# Gaelige: tSaoi



## curly

I haven't the faintest idea...


----------



## Outsider

Have you tried looking up "Saoi" in a dictionary?


----------



## curly

I don't have one,


----------



## Kraus

I've found tSaoi is an Irish language scholar and academic:
en.wikipedia.org/wiki/Máire_Mhac_an_*tSaoi*


----------



## curly

That's it , it's a question about her poem jack, meh it probably means wise

I can't understand "Is i' Maire mhac an tsaoi a scriobh an dan seo" i think it's did she write this,


----------



## sarcie

My Irish may be a bit rusty, but I think "Is í Máire Mhac an tSaoi a scríobh an dán seo" means "Máire Mhac an tSaoi wrote this poem".


----------



## bb3ca201

Just a question for you all...

are you sure you're not referring to the word "an tSaoir"?  Sounds like you've left out a "r" -- but I could be wrong...

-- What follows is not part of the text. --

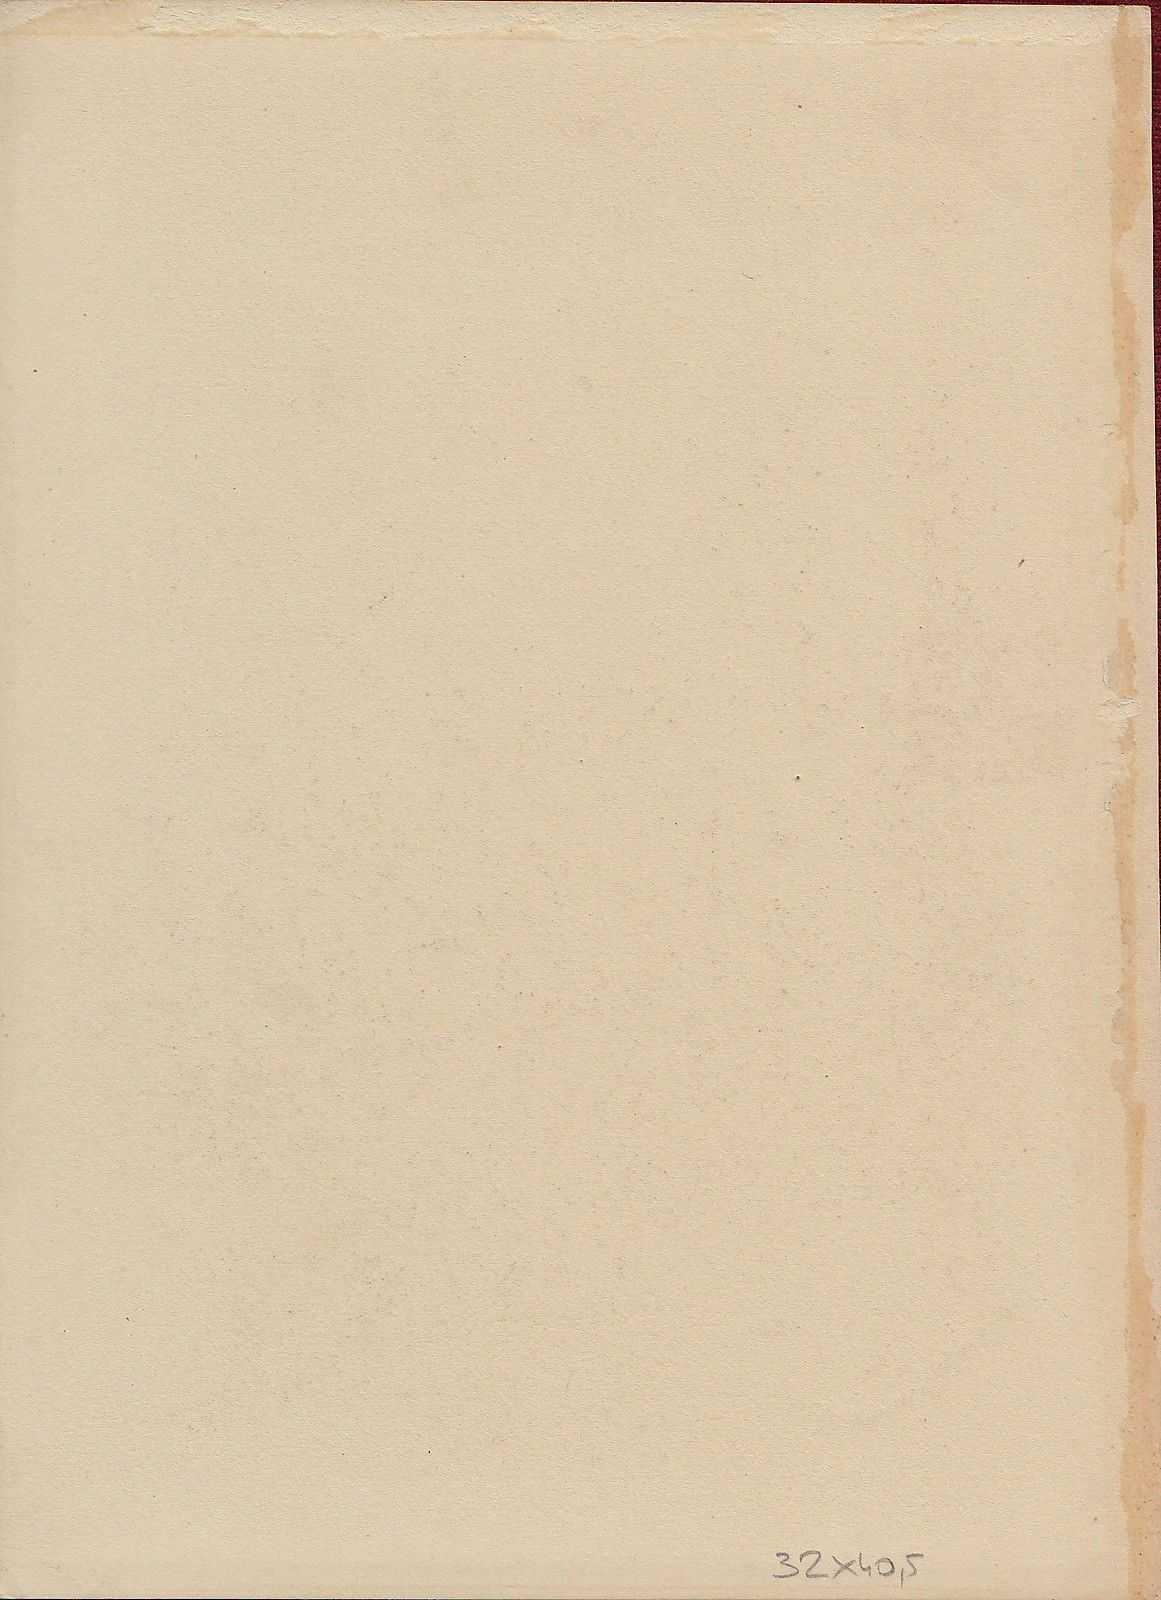 1885-Copperplate-Engraving-Siebengebirge-National-Park-Germany-Bernhard-Mannfeld-182181555132-3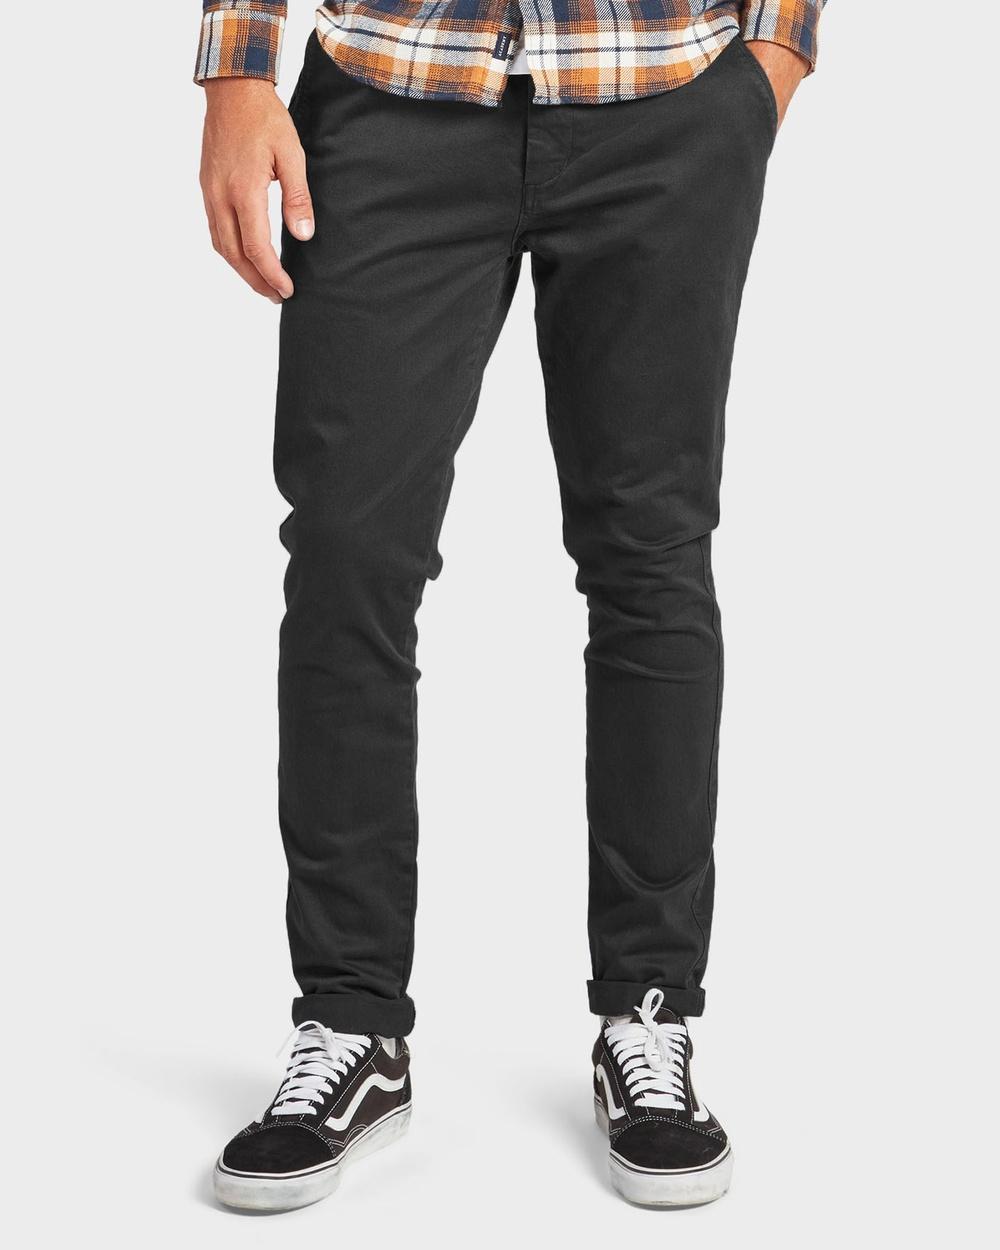 Academy Brand Skinny Stretch Chino Pants Black

Suas leis' a' Ghaidhlig (agus a' Ghaeilge!)


----------



## CatStar

curly said:


> That's it , it's a question about her poem jack, meh it probably means wise
> 
> I can't understand "Is i' Maire mhac an tsaoi a scriobh an dan seo" i think it's did she write this,


 

This sentence means that Maire mhac an tSaoi wrote the poem.

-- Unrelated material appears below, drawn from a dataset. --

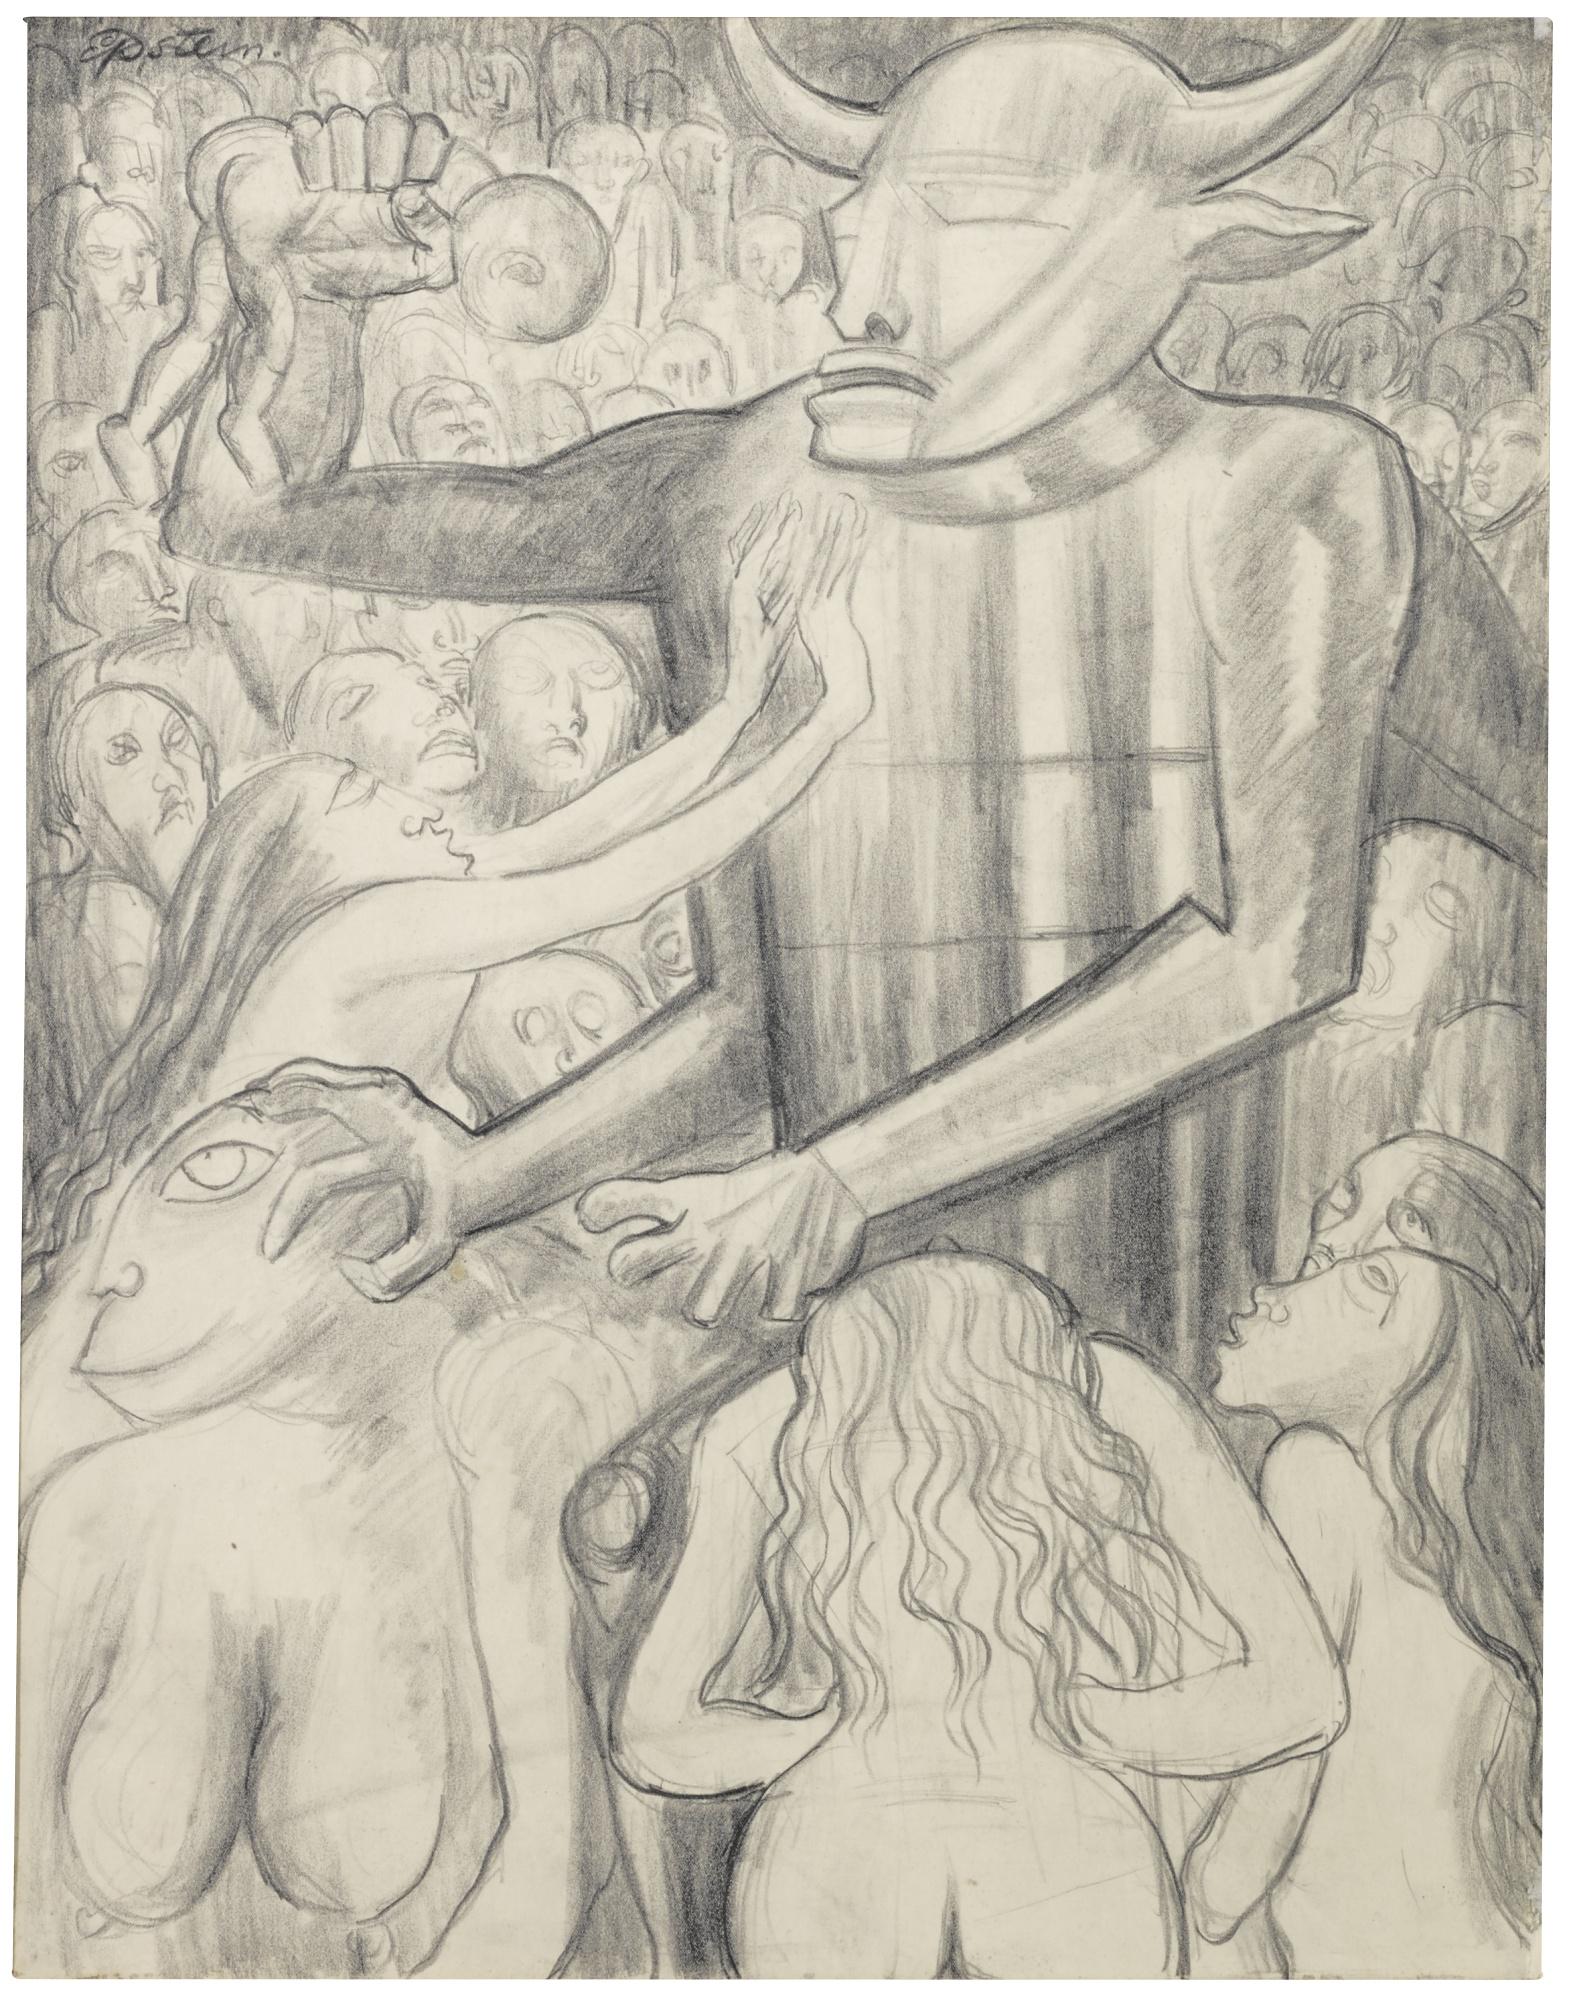 Jacob Epstein-Les Fleurs Du Mal - Hymne ALa Beaute-1938

*an tsaoi* means wise person or wise one but that's just part of her surname which in Enlgish would translate to MacKenty or whatever variation of the spelling you like.
Cat


----------



## bb3ca201

Thanks for the clarification, CatStar.  I guess I found out that my Irish wasn't that good (Scottish Gaelic isn't quite the same!)

 

Take care


----------